Dark Chocolate Almond: Stir a handful of chopped almonds in with the other ingredients. This can also be done with diced walnuts, peanuts, or cashews.
Chocolate Coconut: Stir in a handful of shredded coconut, or sprinkle it over top before chilling the chocolate bars.
Chocolate Sea Salt: After pouring the melted chocolate into a container, sprinkle a small amount of sea salt on top.
Rocky Road: Add mini vegan marshmallows and chopped nuts of choice to the mixture before refrigerating or freezing.

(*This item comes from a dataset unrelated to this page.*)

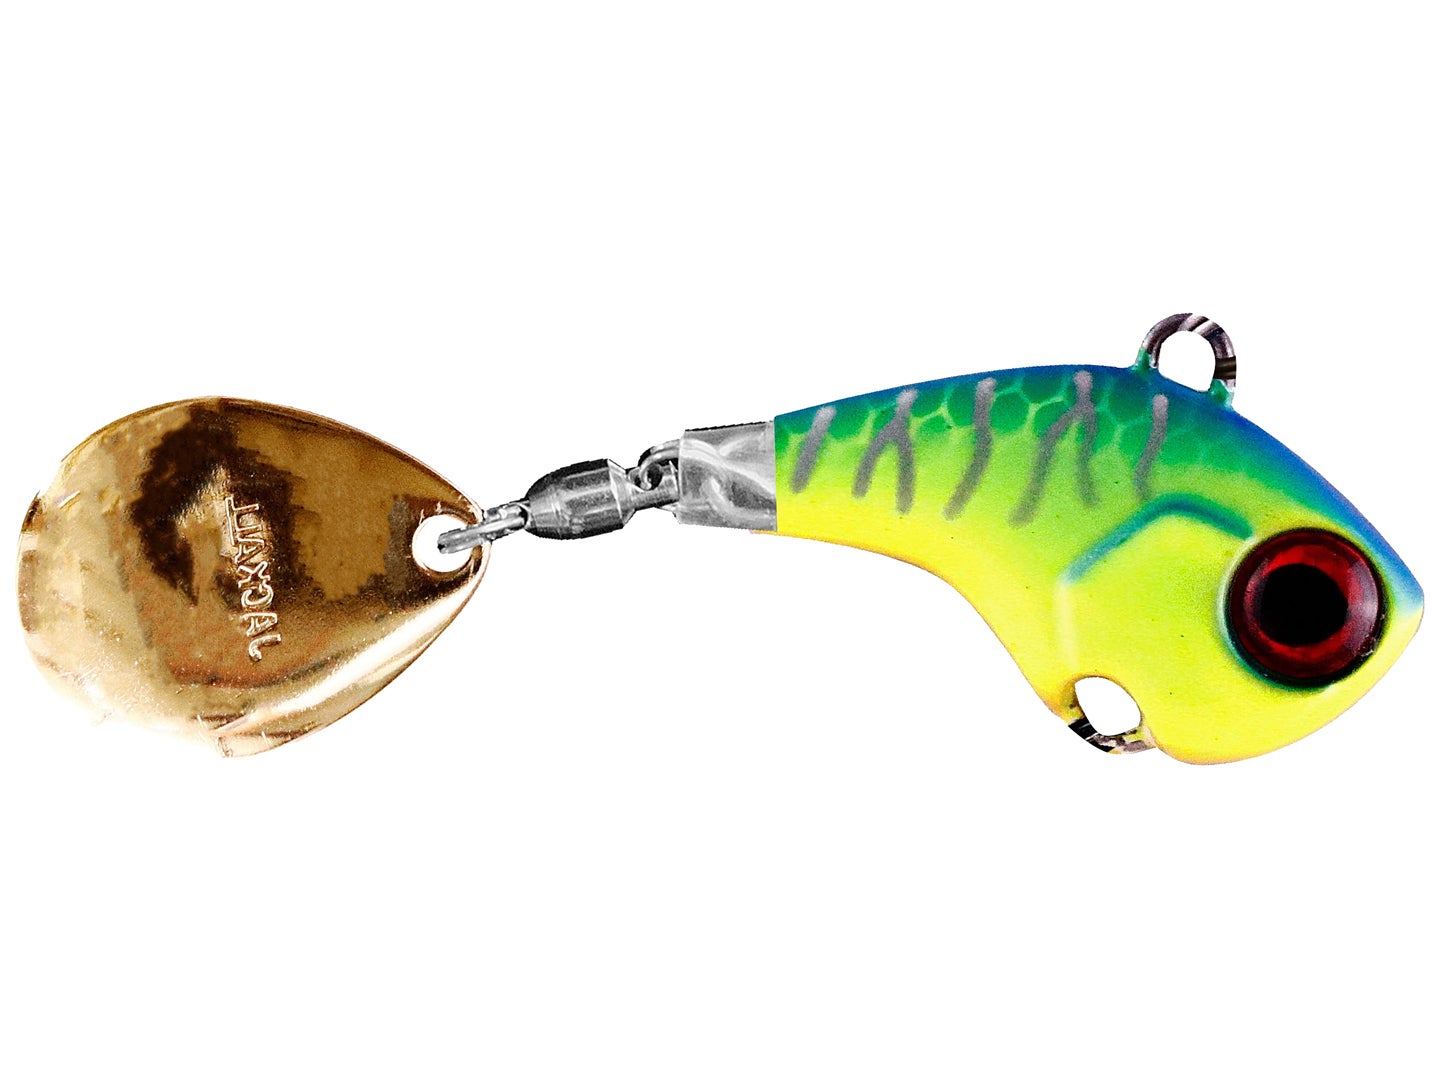 2802 Jackall Deracoup 1/4 oz Spin Tail Sinking Lure HL Ayu

Peanut Butter Swirl: After pouring the chocolate into a container, use a spoon to swirl in melted peanut butter or almond butter. Chill until firm.
Espresso Chocolate Bars: Stir 1/8 tsp instant coffee granules in with the cocoa. For a stronger coffee flavor, you can increase this amount as desired.
Other flavor ideas and add-ins include chia seeds, hemp seeds, freeze-dried strawberries or banana, dried blueberries, crushed pecans or pistachios, a pinch of cayenne, rainbow sprinkles… the possibilities abound!

Sugar Free Chocolate Bars
For low carb, sugar free, and keto chocolate bars, combine the following in a bowl until smooth: 1/2 cup cacao or cocoa powder, 1/4 cup melted coconut oil, and vanilla stevia drops to taste.
Pour into a small shallow container or candy molds (If it’s too thick, add 1 additional tbsp oil), and chill until hard. Store leftovers in the refrigerator or freezer.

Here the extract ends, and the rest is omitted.